The first section of this answer, only, assumes the question's “know the value of the hash of the password” uses “hash” for the hash function $H$ used to build PBKDF2, e.g. SHA-1 SHA-256, SHA-512.

Then there's a special case where knowing the hash of the password is a break in itself. That's when the representation as bytes of the password exceeds the block size of that hash: 64 bytes, or 128 bytes for SHA-512. UTF-8 and other multi-byte encodings make this plausible. In this case, and when PBKDF2 uses $\operatorname{HMAC}(H)$ as it's PRF (as customary), by definition of PBKDF2 and HMAC $$\operatorname{PKBDF2}(\mathsf{password},\mathsf{salt},\mathsf{count},\mathsf{dkLen})=\operatorname{PKBDF2}(H(\mathsf{password}),\mathsf{salt},\mathsf{count},\mathsf{dkLen})$$ Therefore, for such long-enough password, the known $H(\mathsf{password})$ in principle is just as valid a password as the unknown $\mathsf{password}$. If $H(\mathsf{password})$ passes the input filter used for $\mathsf{password}$ on the system under attack (which is not impossible), that can make the attacker content. See this for illustration.

Also, regardless of password length, if attackers know $H(\mathsf{password})$, then they can run password cracking (as in the rest of this answer) on that fast hash function $H$, rather than on PBKDF2. This effectively negates the protection offered by PKBDF2 and it's iteration count parameter.

When the question's “hash” is PBKDF2

Many practitioners of PBKDF2 call it a password hash, and would understand “know the value of the hash of the password” as meaning the output of PBKDF2 is known. Also, that would imply the salt and iteration count inputs of PBKDF2 are known, because salt and iteration count are typically part of what practitioners call the hash, or stored along it, or (for the iteration count) a public or guessable constant. I assume this from now on.

Then in practice often yes, the¹ password can be found with enough effort.

Attackers essentially test passwords from a list of common password, approximately from most to least common², by the algorithm normally used to check a password, only implemented in an optimized way. A typical attack software is hashcat. It can use in parallel CPUs, GPUs, and (with appropriate extensions) FPGAs or ASICs. The speedup compared to the time it takes to compute PBKDF2 in legitimate use is formidable. That's the industry of password crackers. Which I conjecture is like the proverbial iceberg: invisible for the most.

The difficulty depends immensely on the quality of the password (is it hard to guess), and almost linearly on the number of rounds. RFC2898 states

A modest number of iterations, say 1000, is not likely to be a burden for legitimate parties when computing a key, but will be a significant burden for opponents.
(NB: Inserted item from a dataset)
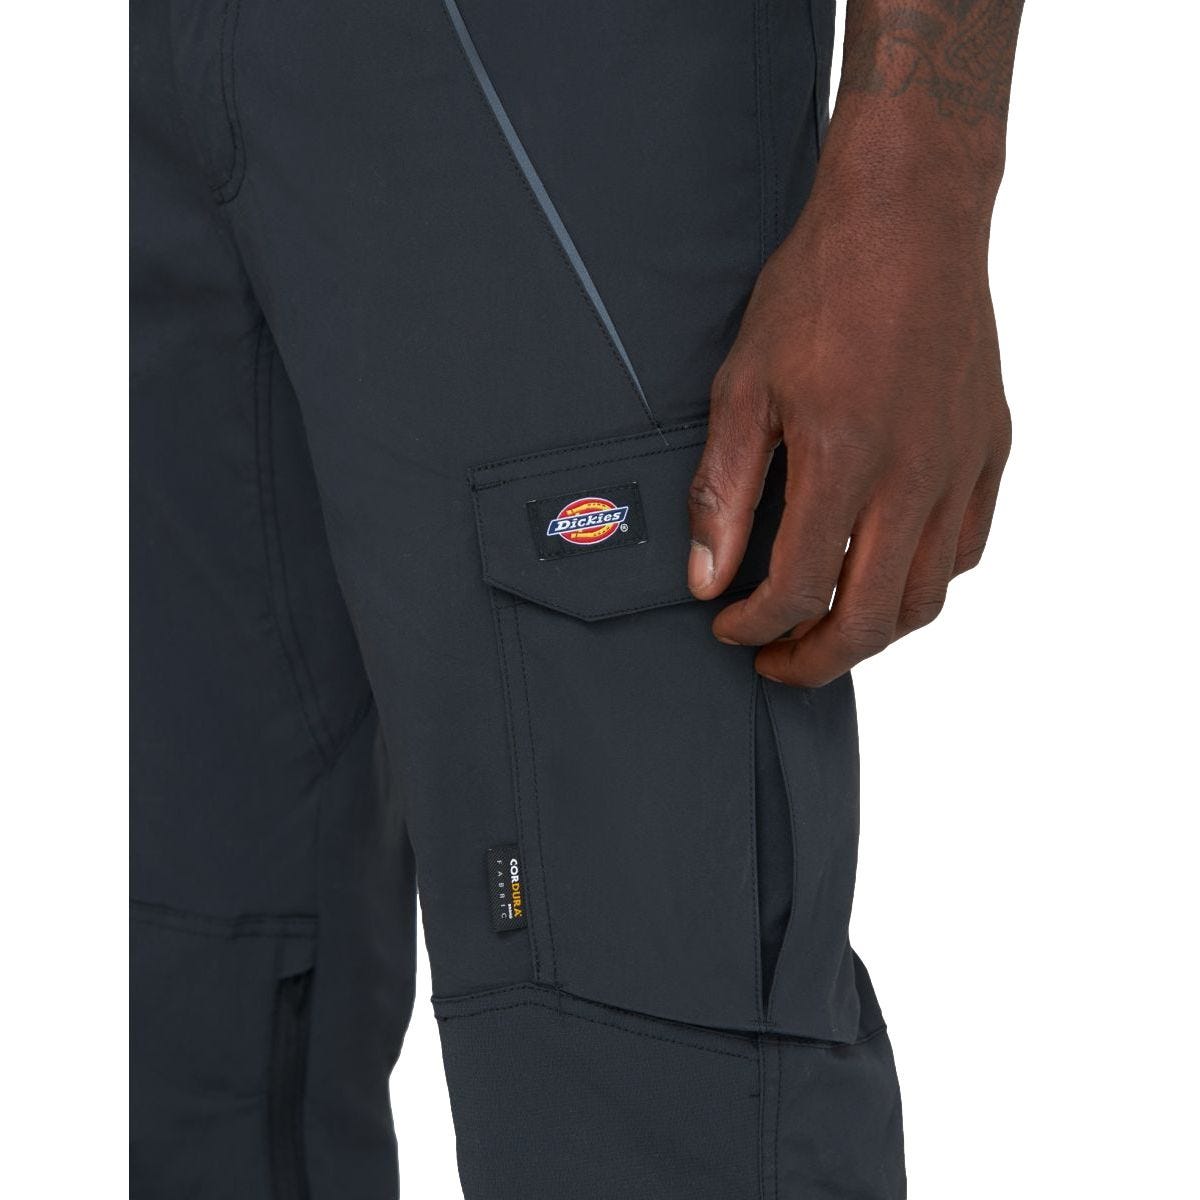 Pantalon léger Flex Noir - Dickies - Taille 44 4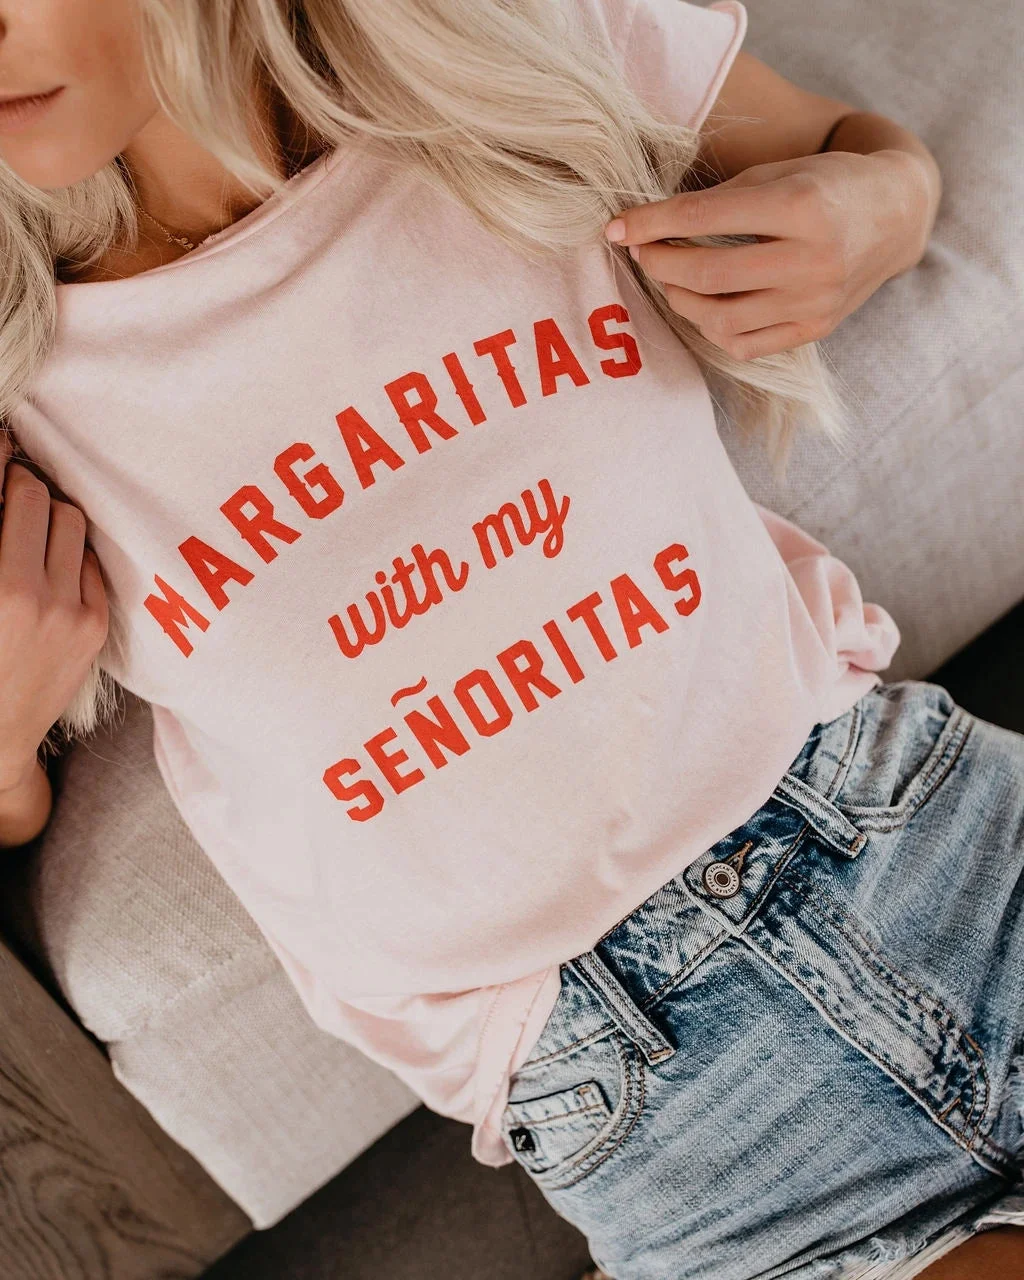 MARGARITAS WITH MY SEÑORITAS Cotton T-shirt

(emphasis mine) but that's now extremely wrong, and already was at least ill-advised³ in 2000. I've seen this $10^3$ in production use decades later, ignoring Moore's law. I've also seen $10^4$ and $10^5$, which are a progress, but still less than satisfactory.

But truth is: the security conscious thing is to drop PBKDF2, in favor of a memory hard password hash, like Argon2, scrypt, or even the obsolete and lesser but still much preferable bcrypt. This considerably adds to the cost of password cracking (at constant burden for legitimate use), by bumping the amount of memory and memory accesses an attack tool must use.


¹ Or rather, a working password that will overwhelming probability (for practical $\mathsf{dkLen}$) is the original one, or for extremely long passwords is the hash of the original password for the hash function used internally by PBKDF2, often SHA-1, SHA-256 or SHA-512.

² And if they got hold of multiple password hashes, on all these, which typically improves the probability of one success compared to attacking the password hashes one after another, due to people being widely diverse at their ability or will to select a good password.

³ I'm not jumping to the conclusion this 1000 was thrown in by RSA Security on gentle suggestion of the NSA to deliberately weaken practical uses of PBKDF2, as the parity in DES keys by IBM before that, or the use by RSA Security of Dual_EC_DRBG as the default RNG later. I'm only wondering. Especially when I see that the NIST still endorses PBKDF2:

(our standard) recommends, but does not require, the use of a memory-hard function for password derivation.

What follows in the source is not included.